Head coaching record
- Overall: 160 W- 39 L .75 Win % (SMU)

Accomplishments and honors

Championships
- 1971–79 (8 SWC Championships at SMU)

Awards
- '71 Collegiate and Scholastic Swim. Trophy'72, '76, '77, '84 SWC Coach of the Year; '73 NCAA District 6 Coach of the Year; 2005 American Swim. Coaches Hall of Fame; 2009 Texas. Swimming Hall of Fame 2011 SMU Athletic Hall of Fame 2014 SWC Hall of Fame

= George McMillion =

American swimmer and coach (1932–2017)

George "Coach Mac" McMillion (1932–2017) was an American former All-American competition swimmer for Southern Methodist University, and a Hall of Fame collegiate swim coach who directed the Southern Methodist swim team for seventeen years from 1971–1988, after serving as Assistant Coach for fourteen years. McMillion led the Mustangs to eight Southwestern Conference Championships and an NCAA second-place finish in 1983.

Born in 1932 in Coffeyville, Kansas, to Dr. John D. & Mattie McMillion, he swam for Coffeyville's Field Kinley High School under Coach Johnny Charlesworth, where he graduated in 1950. Charlesworth's F. Kinley High School team, sometimes referred to as Coffeyville High School, were state champions in McMillion's Junior and Senior years and McMillion co-captained the team in his Senior year, when he swam a 2:22.7 in the 220-yard freestyle in state record time. By February 1950, McMillion's Field Kinley High School had 28 consecutive dual meet victories. On July 30, 1949, he placed third and qualified in the 100-meter backstroke for the widely attended Sooner Open Swim Meet.

== Swimming for SMU ==
McMillion, who swam for SMU prior to serving as coach, was team captain in 1954. During his years on the team, he captured seven Southwest Conference individual championships and was undefeated in the backstroke event during the three years he lettered. He held conference records in the 100 and 200-yard backstroke. Swimming for Coffeyville Swim Club during a summer break on June 29, 1952, McMillion scored 25 points helping his team win the Men's Division at the annual Sooner State Swim Meet.

As a highpoint during his SMU swimming career, at the Southwestern Conference Championships on March 22, 1952, at College Station, he set two conference records, including one in the 100-yard backstroke of 1:02.3. He was also the individual high scorer at the meet.

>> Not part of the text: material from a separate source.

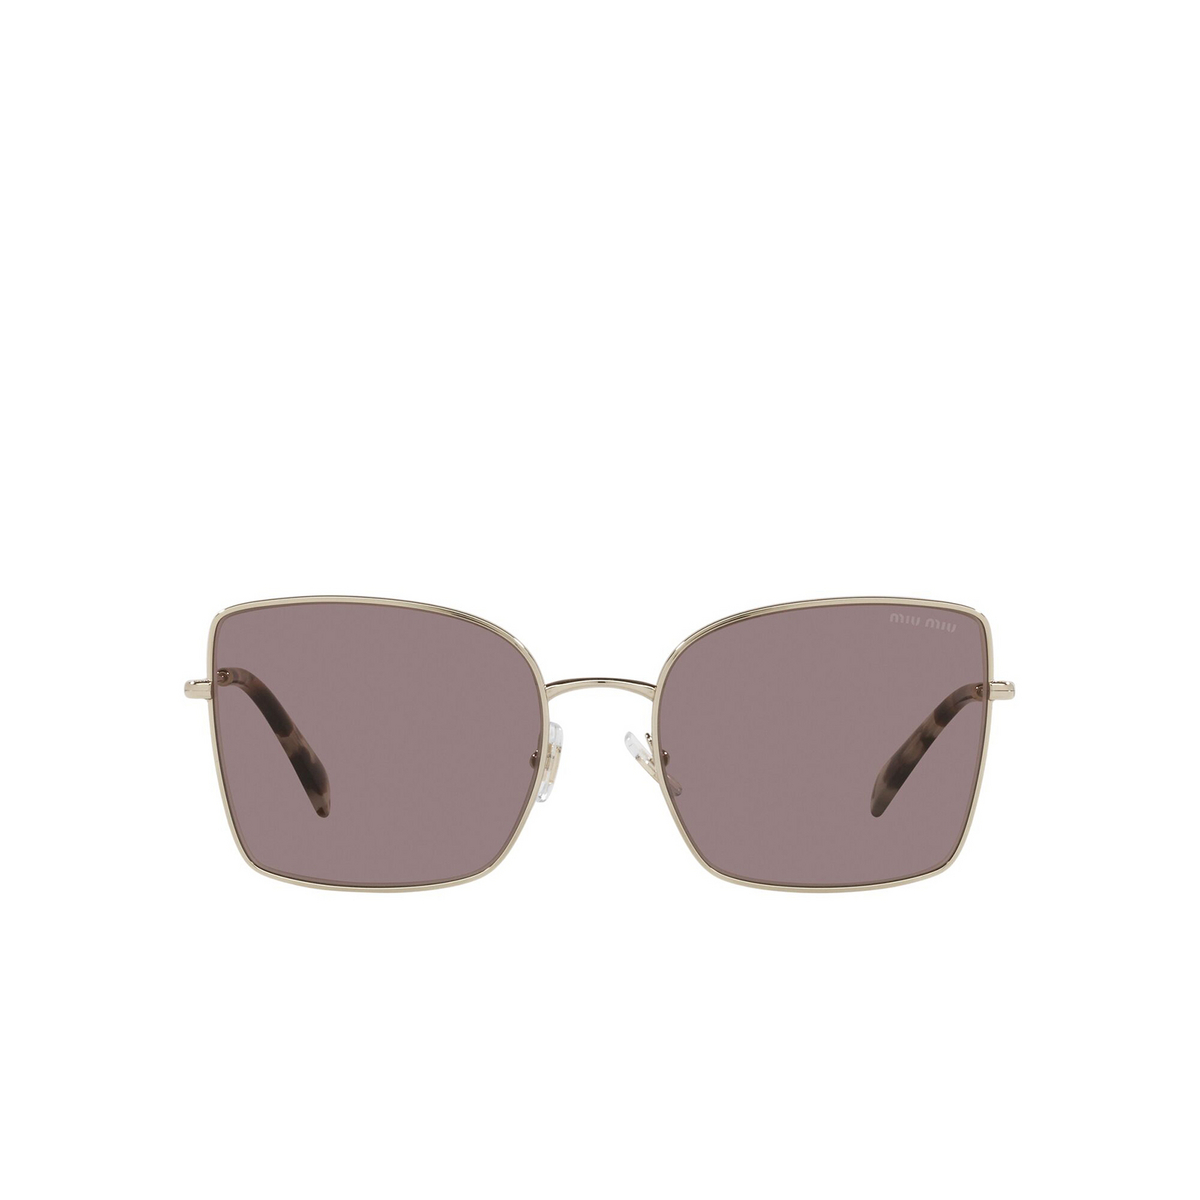 Miu Miu® Butterfly Sunglasses: MU 51WS color Pale Gold ZVN05P - front view.

After college, he served as a lieutenant in the U.S. Army Air Force for two years and taught in the Dallas Public School system before coming to SMU as an Assistant Coach in 1957.

== Coaching ==
McMillion was SMU Head Coach from 1971 to 1988, after acting as Assistant Coach from 1957 to 1971 under renowned SMU Coach Red Barr. One of McMillion's Assistant coaches from 1971 through 1975 was former SMU swimmer Richard Quick, who would become a Hall of Fame Coach himself. McMillion mentored 78 All-Americans and 15 NCAA Champions, leading his teams to 14 NCAA top-10 finishes. He served as Meet Director of the 1972 and 1974 National AAU Swimming Championships.

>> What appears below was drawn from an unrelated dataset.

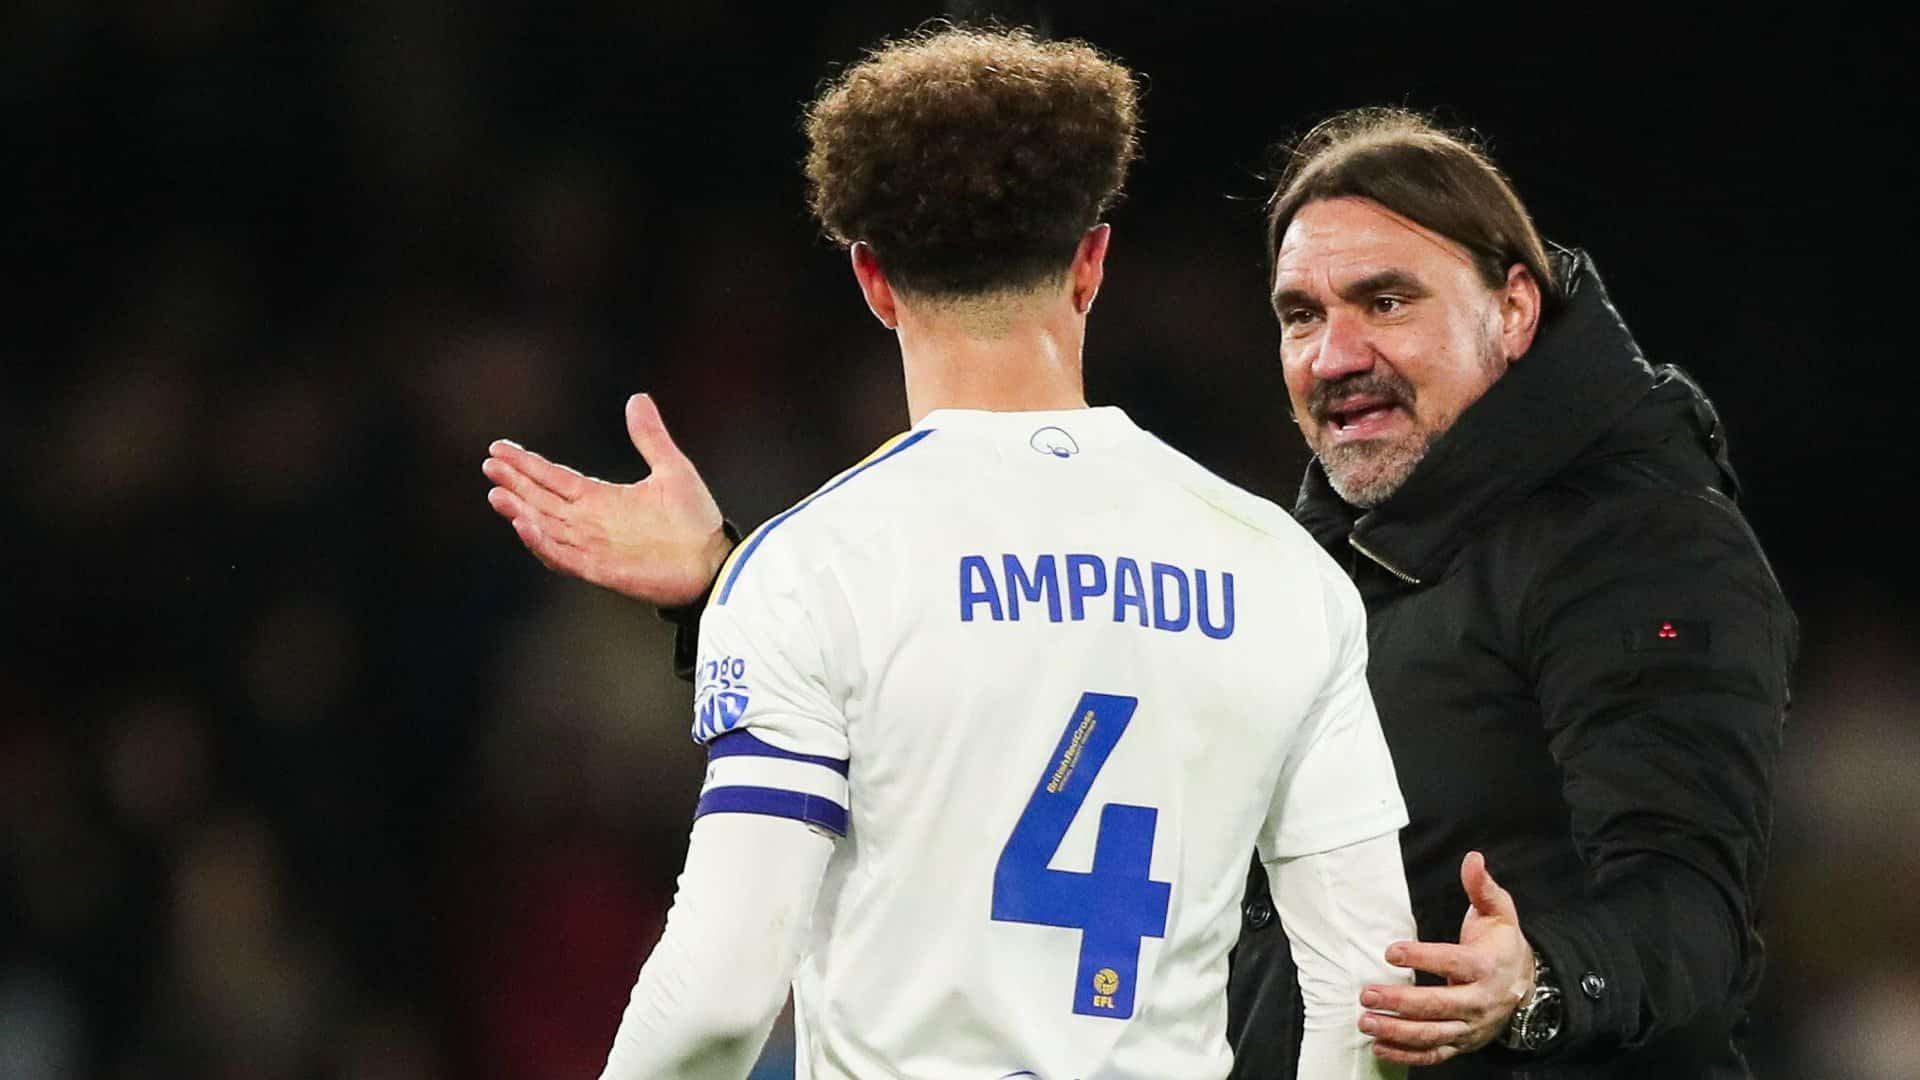 Daniel Farke explaining things to Ethan Ampadu at the end of Leeds' game at Watford

In one of McMillion's best years, his SMU swim team had an undefeated season of 16–0 in 1979. Demonstrating consistent performance in their conference, McMillion's teams had eight consecutive Southwestern Conference Championships between 1971–1979.

He was a U.S. National Team coach in 1978, 1982 and 1983.

McMillion coached NCAA champions Steve Lundquist, Jerry Heidenreich, Ron Mills, Ricardo Prado, and Mook Rhodenbaugh. Ron Mills was a 1968 Olympic medalist, Jerry Heidenreich was a 1972 Olympian and medalist, while Steve Lundquist, Ricardo Prado, and Richard Saeger were 1984 Olympic medalists.

== Honors ==
He was the recipient of the Southwest Conference “Coach of the Year” honors in 1972, 1976, 1977 and 1984, and was named NCAA District Six “Coach of the Year” in 1973. In 1978, he received the “Big D” Award from the Dallas All-Sports Association. In 1971, he was a recipient of the prestigious Collegiate and Scholastic Swimming Trophy, presented to a Coach who in the belief of his peers in the swimming community, "has contributed in an outstanding way to swimming as a competitive sport and healthful recreational activity." He became a member of the SMU Athletics Hall of Fame in 2011, the Southwest Conference Hall of Fame in 2014 and the Texas Swimming and Diving Hall of Fame in 2009.

McMillion died surrounded by family in Richardson, Texas on November 7, 2017. He was survived by his wife Jean McMillion, and his three children: Stan McMillion, Robin McMillion Eiland & husband Bill, and Jan McMillion Mansfield and husband Mark. He had 9 grandchildren.